A technology that benefits all participants in the pork industry

FertiBoar offers benefits for the applying breeding company as well as for the GTCs receiving tested boars and the pig farmer using semen doses of such boars.

Breeding company

FertiBoar helps breeding companies to ship boars with a higher likelihood for successful usage in GTCs. Thus, a better rate of genetic dissemination and faster realisation of genetic progress at the customer level are achieved. This becomes even more relevant in business realities where only a limited number of AI boars can be delivered each year for genetic refreshment of the herd (boar exports to countries with strict import regulations). 

GTC

By using FertiBoar selected animals, the GTC would become even more efficient in introducing boars to the system that will be suitable for use in AI. In consequence, boar quarantine costs per working boars could be reduced significantly while the GTCs semen output per inventoried boar would increase.
Example:
Reducing boar fallout rate in a 300 head GTCs and 65% annual replacement rate with £850quarantine costs from 20 to 5% equals potential savings of ~£24,521 per year.
If boars stay in the GTC for 10 weeks prior poor semen quality is identified/confirmed and culling is executed, the above scenario reduces the productive annual boar inventory by >5 resulting in an opportunity loss of semen dose production equalling approx. ~10.000 doses p.a. (assuming 2000 doses annual production per boar).

Sow farms

Overall, the application of FertiBoar improves the number of boars with good semen quality as well as the average semen quality of the herd as well. As semen quality is linked to farrowing rate and litter size, sow farmers will benefit from FertiBoar indirectly as well.

An example of practical innovation applied to commercial production

The FertiBoar technology has been implemented in the first boar multiplier in Germany for routine use in June 2021. The first fully tested animals are due to be delivered to customers in September 2021. After a process of fine-tuning processes and optimizing data logistics, it will be rolled out to additional boar multipliers in Europe over the course of next year.

Key points about Fertiboar

FertiBoar enables the early identification and negative selection of AI boars with expected poor semen quality. The technology uses testicular ultrasound pictures to automatically analyse relevant organ sections using convolutional neuronal network and semantic segmentation approaches and describe the functional tissue characteristics via Grey Scale Parameters. This information feeds a classification algorithm to predict a boars’ capability of producing good semen quality later in life. The technology offers advantages throughout the value chain by:

  • Enhancing the breeding company’s ability to enable genetic dissemination
  • Raising the GTCs overall semen production efficiency per purchased boar
  • Delivering higher quality semen to pig farmers with respective fertility implications

Sources

Resende PCSL, Siqueira AP, Rodrigues LC, Lagares MA, Chiarini-Garcia H, Almeida FRCL. Relationship between pre-pubertal biometrical measures and sperm parameters for the selection of high genetic merit pure and crossbred boars. Theriogenology 2019;127:1-6.
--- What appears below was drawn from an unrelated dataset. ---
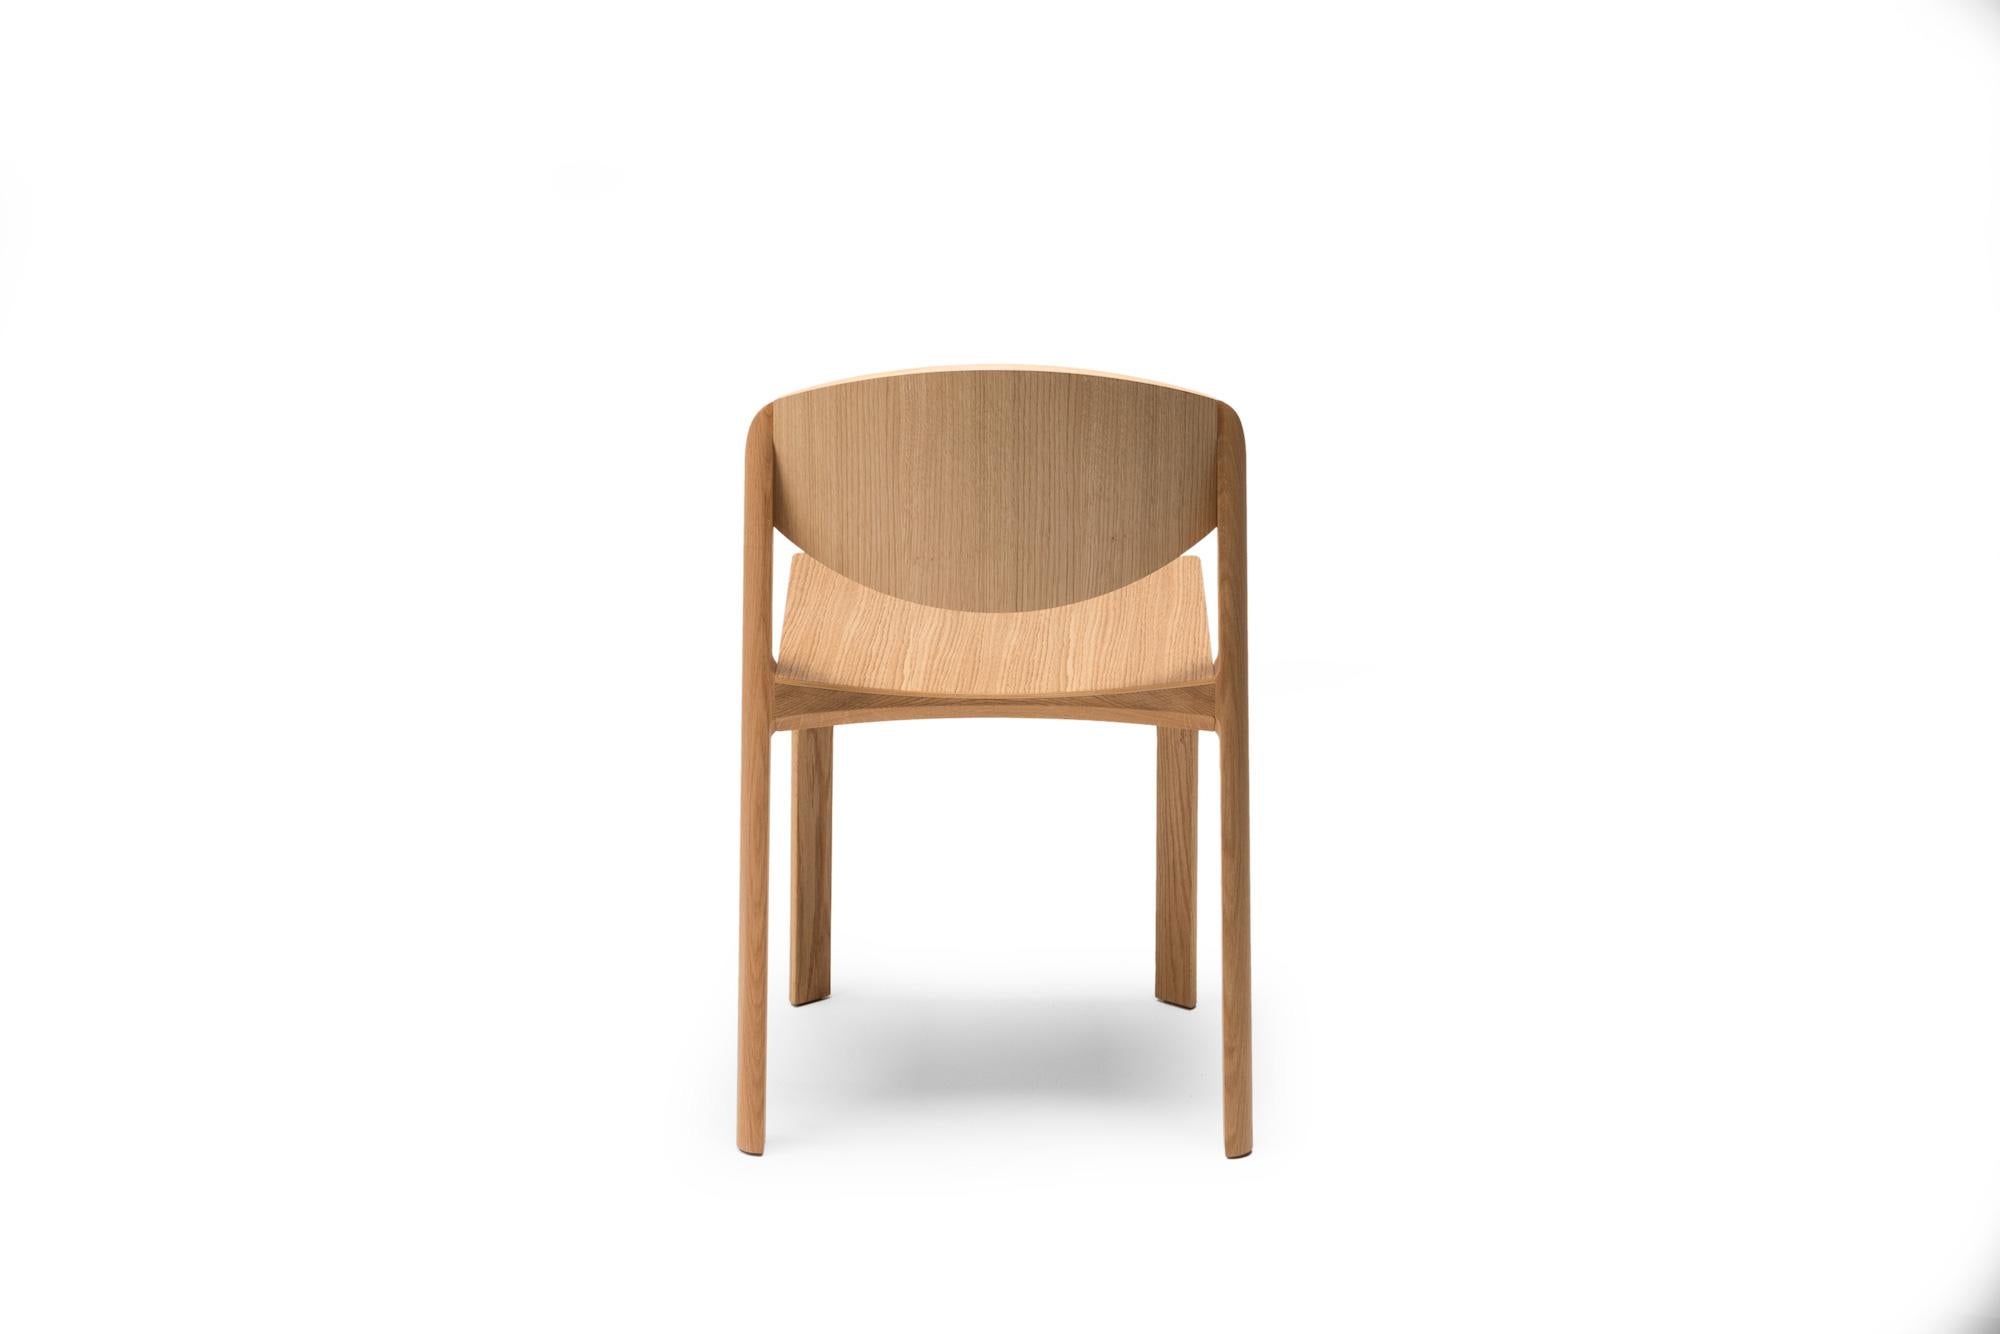 For Sale: Brown (6311) Established & Sons Mauro Chair by Mauro Pasquinelli

Robinson JA, Buhr MM. Impact of genetic selection on management of boar replacement. Theriogenology 2005;63:668-678.

Schulze M, Buder S, Rüdiger K, Beyerbach M, Waberski D. Influences on semen traits used for selection of young AI boars. Anim Reprod Sci. 2014 Aug;148(3-4):164-70.

Schulze, S. Beyer, F. Beyer, R. Bortfeldt, A. Riesenbeck, C. Leiding, M. Jung, M. Kleve-Feld. Relationship between pubertal testicular ultrasonographic evaluation and future reproductive performance potential in Piétrain boars, Theriogenology 2020;158:58-65.